On our Caviness cluster we include no BLAS/LAPACK library symlinks in the base directory which R checks for shared libraries:
$ cd ${R_HOME}/lib64/R/lib
$ rm -f libR{blas,lapack}.so
In our VALET package definition for R we configure four variants that differ by BLAS/LAPACK (as a feature tag)
$ vpkg_versions r
:
r The R Project for Statistical Computing
3.5 alias to r/3.5.1
* 3.5.1 R 3.5.1 with system compilers, ATLAS
3.5.1:mkl-seq R 3.5.1 with system compilers, MKL (sequential)
3.5.1:mkl-thr R 3.5.1 with system compilers, MKL (multithread)

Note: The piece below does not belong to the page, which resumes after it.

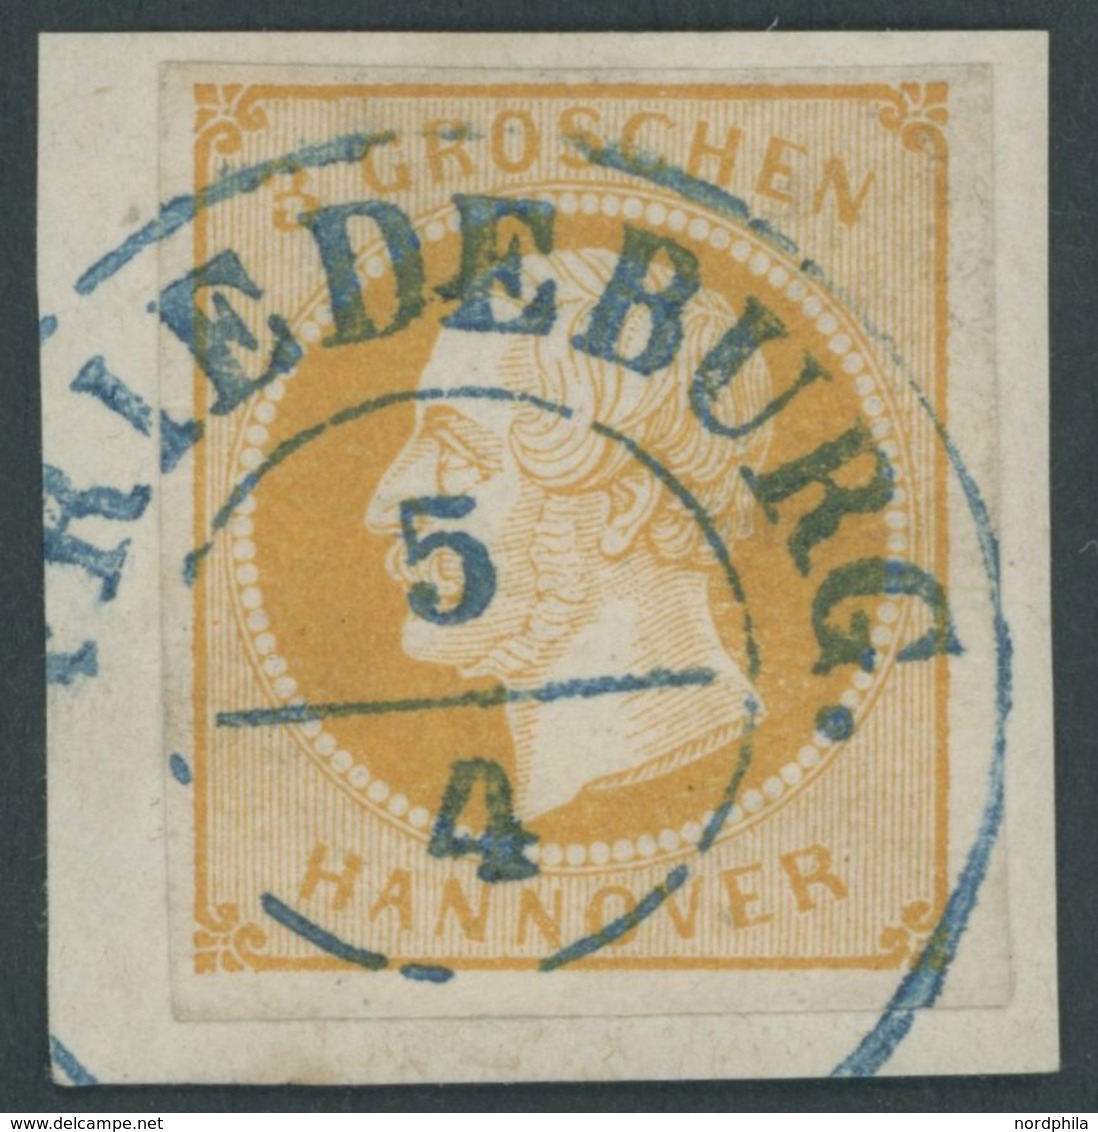 HANNOVER 16a BrfStk, 1859, 3 Gr. Gelborange, Zentrischer Blauer Stempel FRIEDEBURG, Prachtbriefstück - Hanover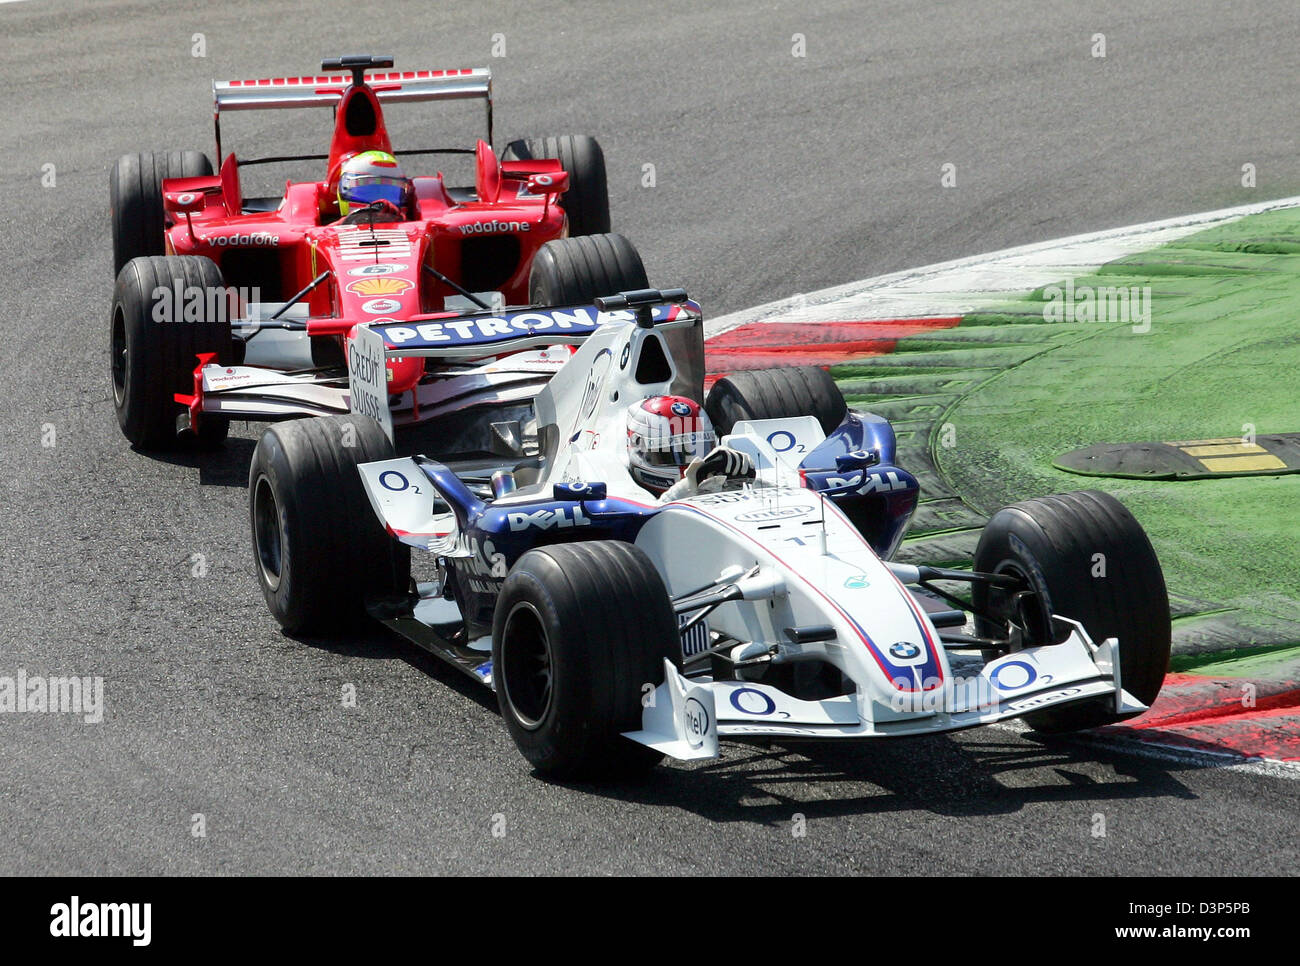 Il polacco pilota di Formula Uno Robert Kubica (BMW Sauber/R) comanda davanti al brasiliano Felipe Massa (Ferrari) durante il Gran Premio d'Italia in pista a Monza, Italia, Domenica, 10 settembre 2006. Foto: Gero Breloer Foto Stock

3.5.1:rblas R 3.5.1 with system compilers, R reference BLAS/LAPACK
with ATLAS as the default (recommended) choice of underlying BLAS/LAPACK. Each variant of the 3.5.1 version uses the same installation prefix, but adds a unique BLAS/LAPACK subdirectory to ''LD_LIBRARY_PATH'' when added to the user's environment:
$ vpkg_require r/3.5.1
Adding package `r/3.5.1` to your environment
$ echo $LD_LIBRARY_PATH
/opt/shared/r/3.5.1/lib64/R/lib/atlas: ...
$ vpkg_rollback all
$ vpkg_require r/3.5.1:rblas
Adding package `r/3.5.1:rblas` to your environment
$ echo $LD_LIBRARY_PATH
/opt/shared/r/3.5.1/lib64/R/lib/rblas:
This works fine so long as you don't attempt to install any R modules that require the BLAS/LAPACK functionality. The R module-building environment defaults to using link search paths in the base directory (''** R_HOME**/lib64/R/lib'') and fails to find ''libRblas.so'' or ''libRlapack.so''. This is easily fixed by altering two lines in the R installation's standard make flags file at ''** R_HOME**/lib64/R/etc/Makeconf'':
BLAS_LIBS = -L"$(R_HOME)/lib$(R_ARCH)/$(R_BLAS_VARIANT)" -lRblas
and
LAPACK_LIBS = -L"$(R_HOME)/lib$(R_ARCH)/$(R_BLAS_VARIANT)" -lRlapack
The link search added here will default to the usual path if ''R_BLAS_VARIANT'' is not set in the user's environment. But in our VALET configuration of each of the variants, we set the appropriate relative path for ''R_BLAS_VARIANT'':
$ vpkg_require r/3.5.1:rblas
Adding package `r/3.5.1:rblas` to your environment
$ echo $R_BLAS_VARIANT
rblas
$ vpkg_rollback all
$ vpkg_require r/3.5.1:mkl-seq
Adding package `r/3.5.1:mkl-seq` to your environment
$ echo $R_BLAS_VARIANT
mkl/seq
We now have a runtime-configurable BLAS/LAPACK for this single installation of R, and any properly-packaged R modules should build fine against it.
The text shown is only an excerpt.